We rode past Mt Rainier National Park where we ran into a storm worse than the one we left on the coast. Discouraged but not beaten, we continued up a steep hill that led over White Pass. It was only at 4,500 feet elevation, but the rain turned to snow near the top. It was dark by this time, and nothing was open this time of year, so we had no choice but to keep going. The snow wasn't sticking to the ground yet, but I had to keep wiping my face shield to keep the snow off. I still couldn't see well since it was constantly fogging up because of the difference in temperatures inside and outside my helmet. I could barely see Cyrus' taillight ahead of me, so I just focused on following that. My fingers were completely frozen and I was having trouble working my controls. We stopped a few times to try and warm up, but that was hard to do with the wind blowing as hard as it was. Finally we made it to lower elevations where the temperature rose enough for it to stop snowing. We pulled over at the first building we saw. It was closed, but we sat under its awning for over half an hour, waiting for our extremities to warm up. I don't mean to be a drama queen, but I honestly can't remember a time that I've been in more pain.

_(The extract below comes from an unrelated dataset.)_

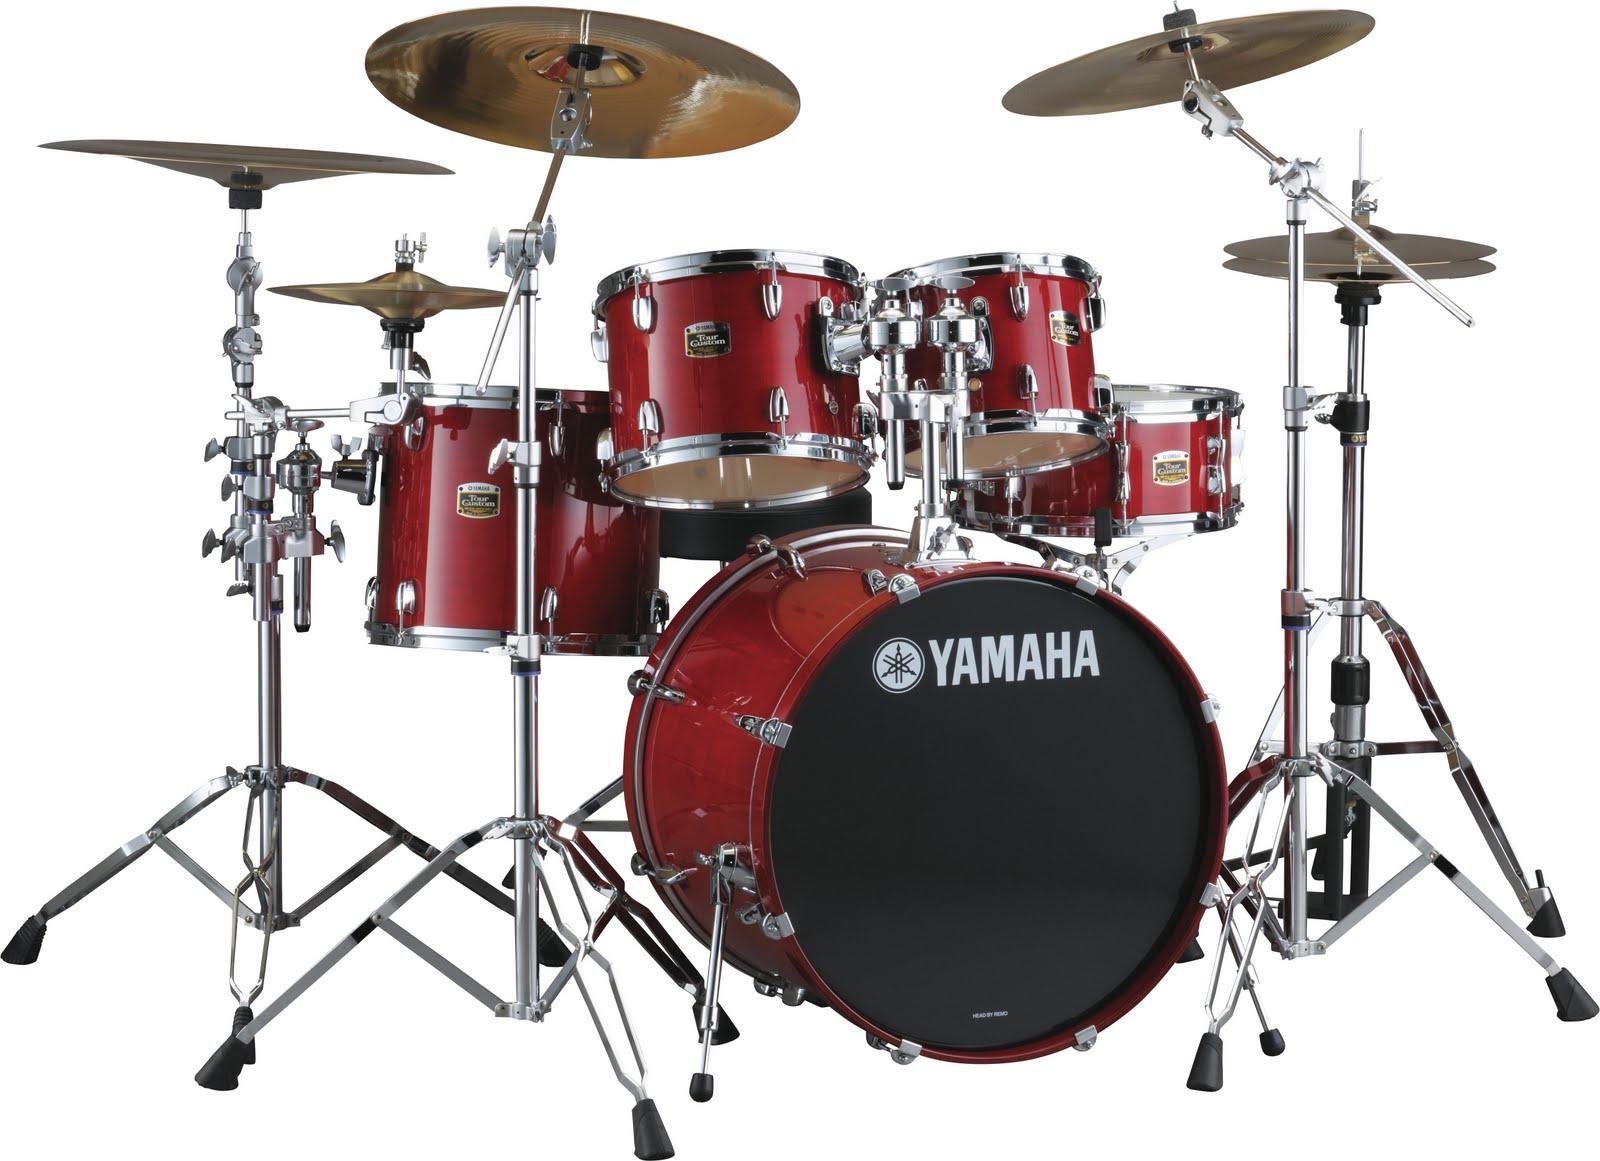 Yamaha Tour Custom Series Drum Set

We made it to a small town and enquired about a room, but couldn't find anything in our price range. We moved on to the larger town of Yakima, where we found a room at "Tourist Motel" for $30. "Crack Den" would have been a more appropriate name. This was by far the sketchiest place I've ever stayed. And that includes Iraq.
The manager told us in broken English to be sure to take everything of value off the bikes and lock them in our room. Most of the residents seemed to be squatters. Lots of cars pulling up to rooms, people running in and out, then driving off. The doors weren't numbered well, so we were having trouble finding ours. A prostitute was kind enough to help us find number 14 while she waited for her cab. Our room had bloodstained sheets and a microwave that didn't work. At least they had cable. Cyrus tried to bring his motorcycle into the room, but his handlebars were too wide to get through the door. We unloaded all our gear then parked them close together and covered them with a tarp. We both woke up several times during the night and checked on them.

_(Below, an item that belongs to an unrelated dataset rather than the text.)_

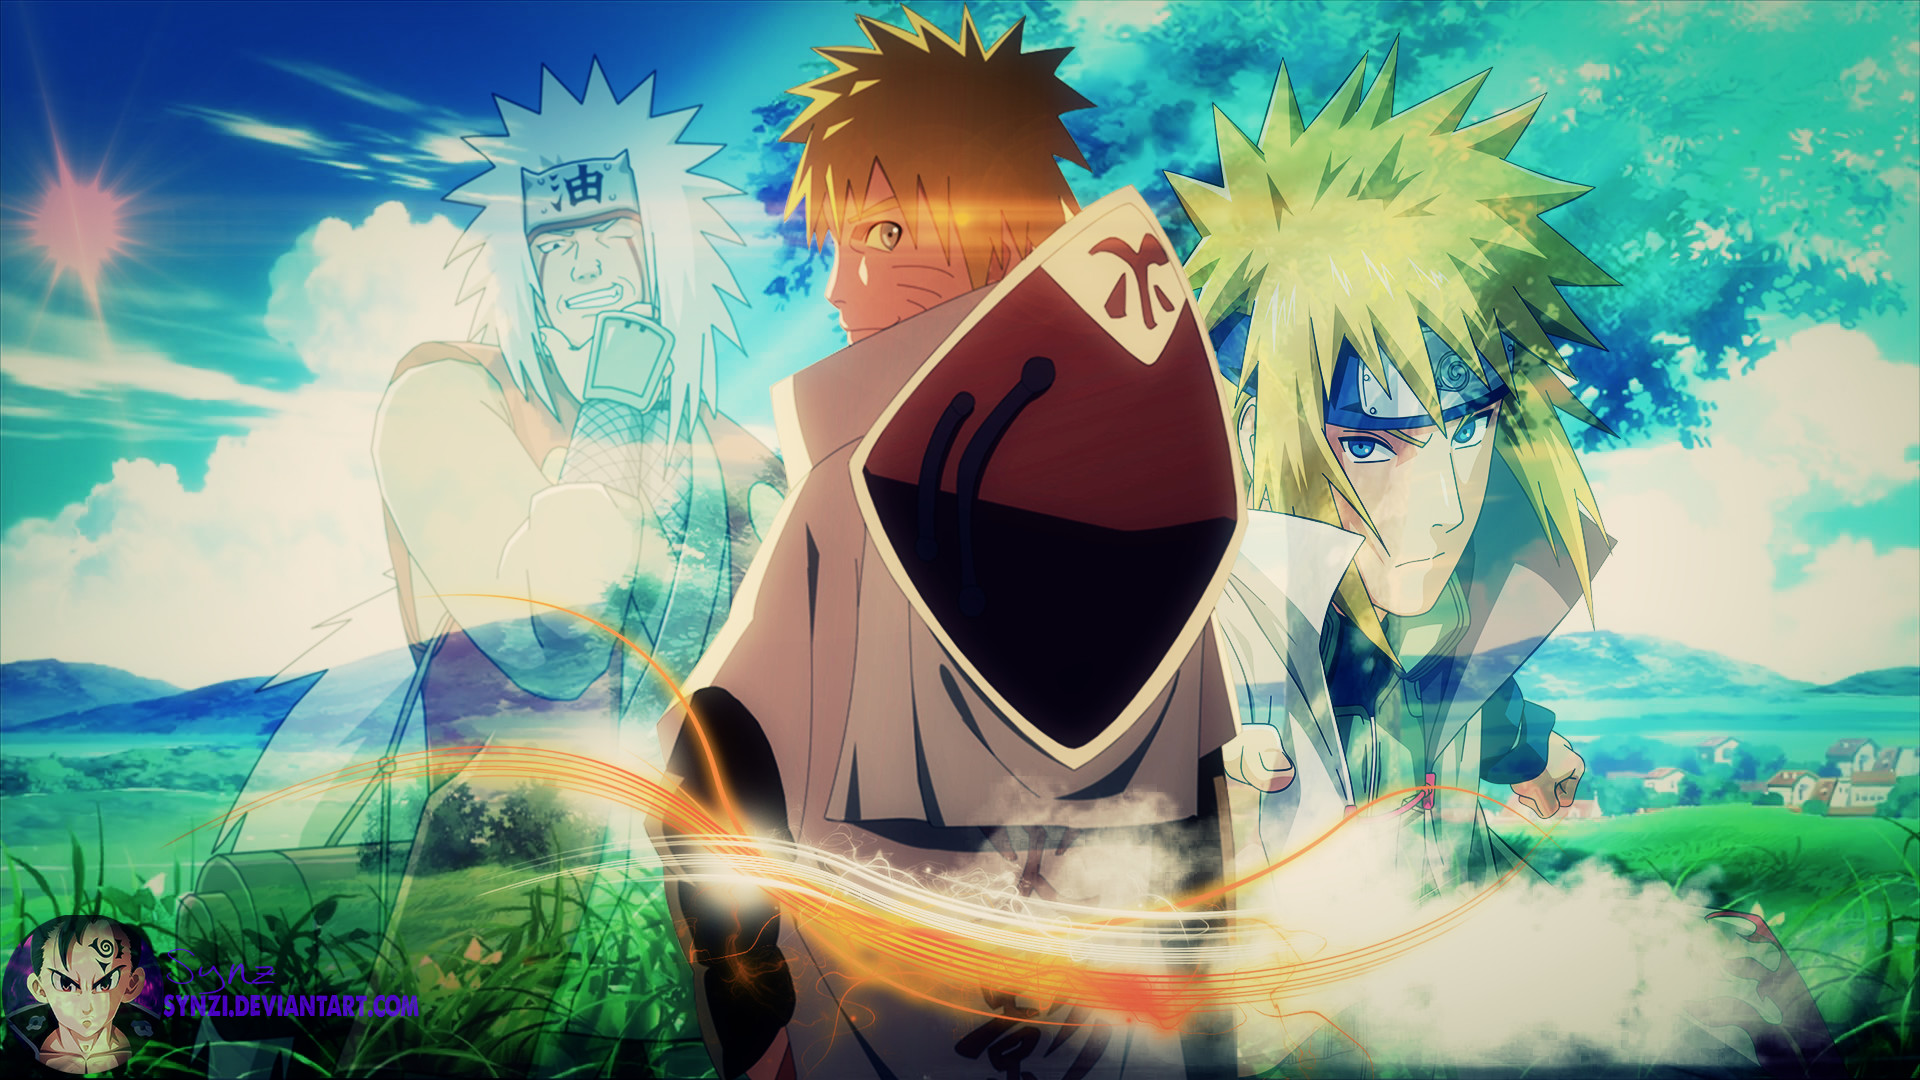 Res: 1920x1080, Naruto, Jiraiya and Minato by SynZi on DeviantArt

We found a Honda shop that couldn't work on my bike either, but they put us in touch with a shop farther north on our route that could fit us in if we hurried. The town was 2 hours north, and the shop was pretty busy. They said they could get to me faster if I took the wheel off the bike myself. Luckily Cyrus was there, and with an old car jack that he'd brought, we raised the front of my bike in the parking lot and removed the wheel without any problems. The new tire, mount and balance cost me $150 and pretty soon we were back on the road.
It warmed up a little while we were in town so we had a nice ride north along a very beautiful section of the Columbia river. We stopped at a grocery store for wine, and also bought some cheap steaks. We made it nearly to the Canadian border and stopped at a state park that was apparently closed, but we set up camp anyway. We found barely enough sticks to cook our steaks with, but still had a good night.

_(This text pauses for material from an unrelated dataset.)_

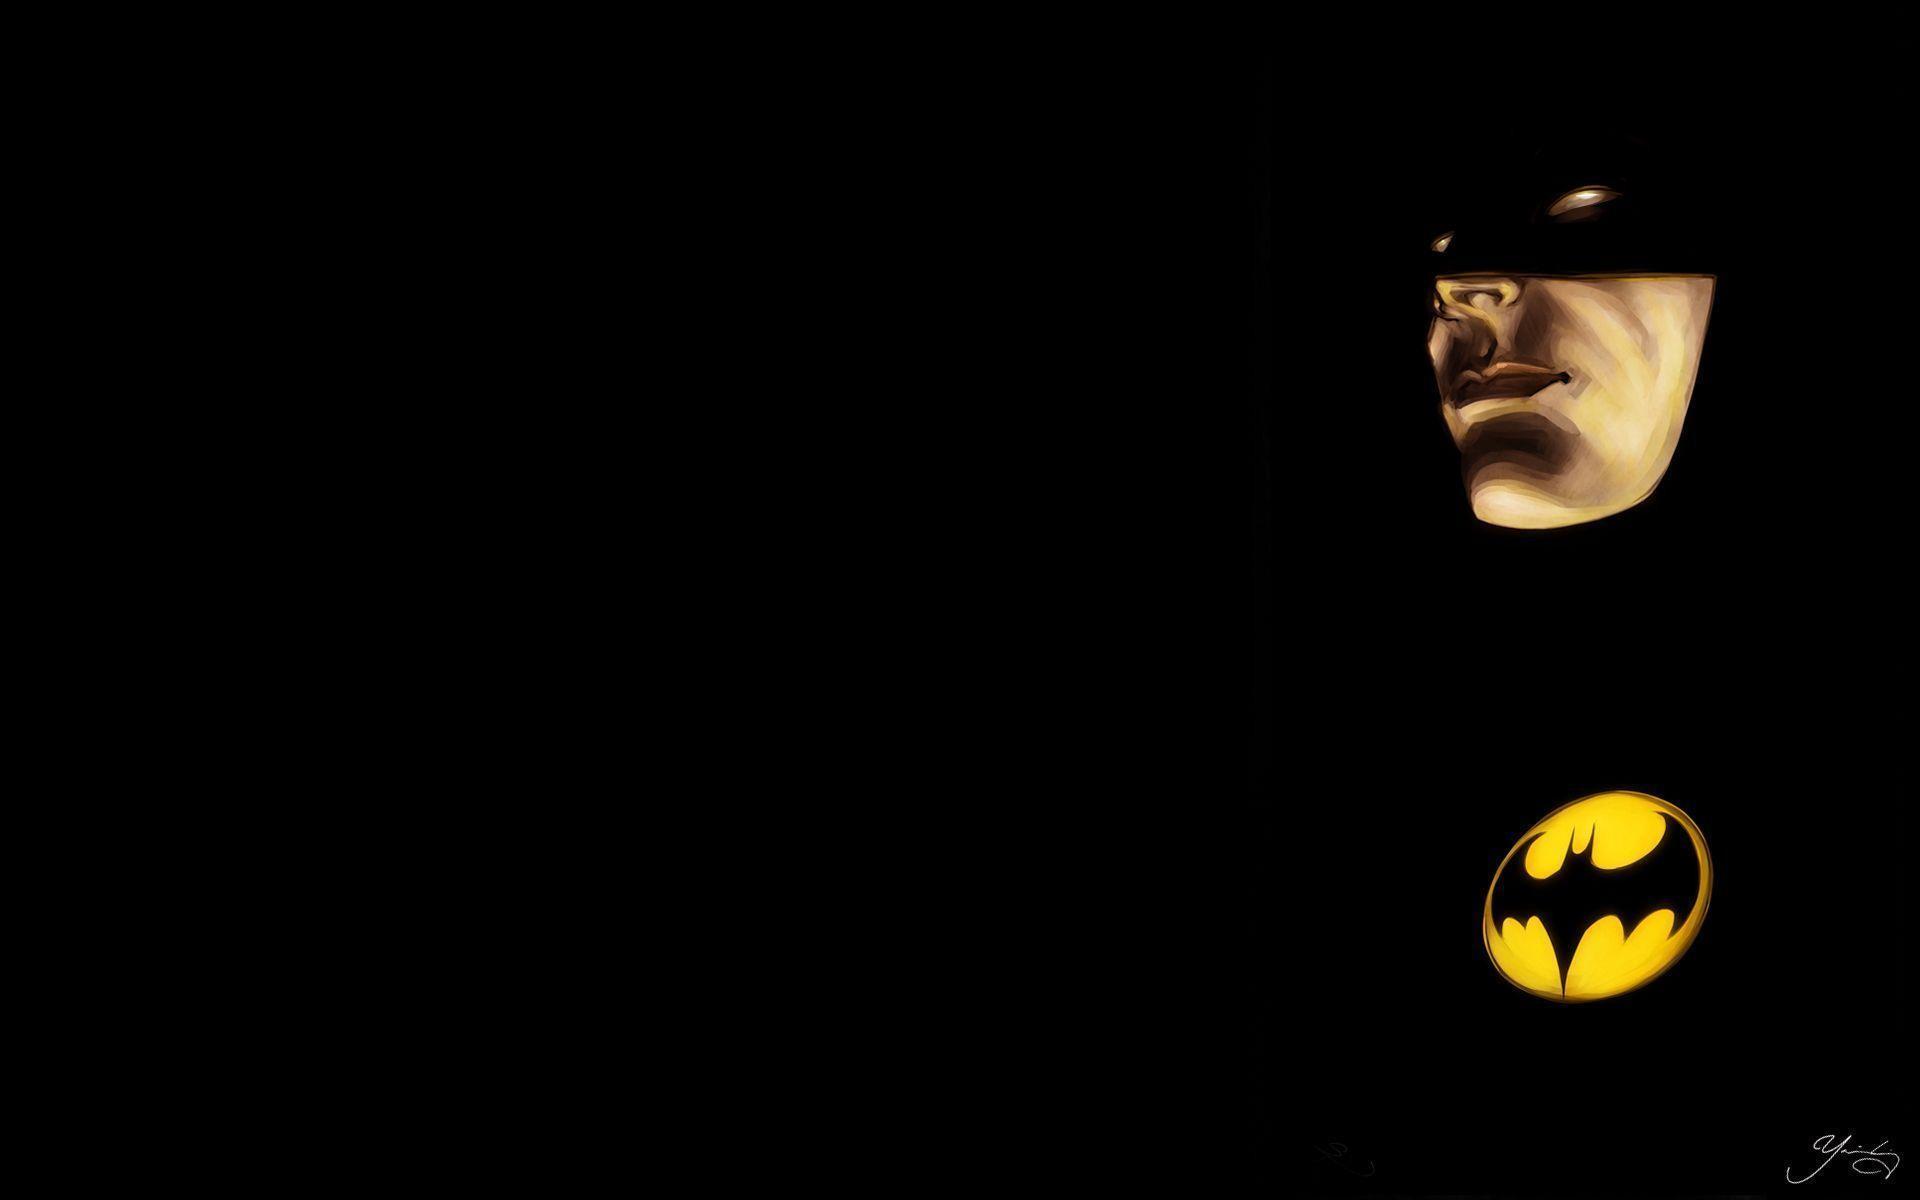 Wallpapers For > Batman Logo Wallpaper

In the morning we gassed up and got to the border crossing. We both got sent inside for additional screening where they checked our criminal records. I guess they didn't find anything too bad, cause they let us through eventually. They never searched our bikes though. I'm not sure if the bear spray or hatchet would have been a problem, and Cyrus had a bowie knife with a 9" blade that he was worried they might confiscate.
It rained a little as we headed north through British Columbia, but cleared up later as we got into some truly beautiful scenery and it even warmed up some. It was a really dry climate, which I love, but with plenty of vegetation and big pine trees, like northern Arizona. Big valleys with clear rivers and sparsely populated towns. I could easily see myself living there.
Both Cyrus and I had problems with our credit cards when we got to Canada so we had to call our banks and sort things out. Later we stumbled upon a nice campground at Timothy Lake. It was free, and we got the last available site, which was really secluded, right by the lake.
The next day the skies were clear, but became overcast as soon as we got on the road. Got pretty cold too, raining off and on. At a gas station an older gentleman noticed my Indiana plates and said "You're a long way from home!" I just smiled and said "Yeah, I like it that way." People out here have been really friendly, as I expected. They always end our conversations with "Have a nice trip, eh." We stopped at a Wal-Mart to get a frisbee that day. When I walked inside I immediately felt like I was back in America. I didn't like that. I was surprised that despite Canada's higher gas prices, a lot of people still drive SUV's and full size pick-up trucks. Their economy's doing so much better than ours that I guess they can get away withit. Of course their winters are more intense than ours as well. We spent that night at an empty RV site for $13 bucks, which included free firewood and showers.
The following day we got more rain and chilly weather. We came to a junction and the road signs said the next town was over 100 miles away. We didn't have that much gas, so we went 40 miles out of our way to Stewart to get gas. We later found there was a service station 60 miles down the road from that junction, which we could have made it to. Live and learn.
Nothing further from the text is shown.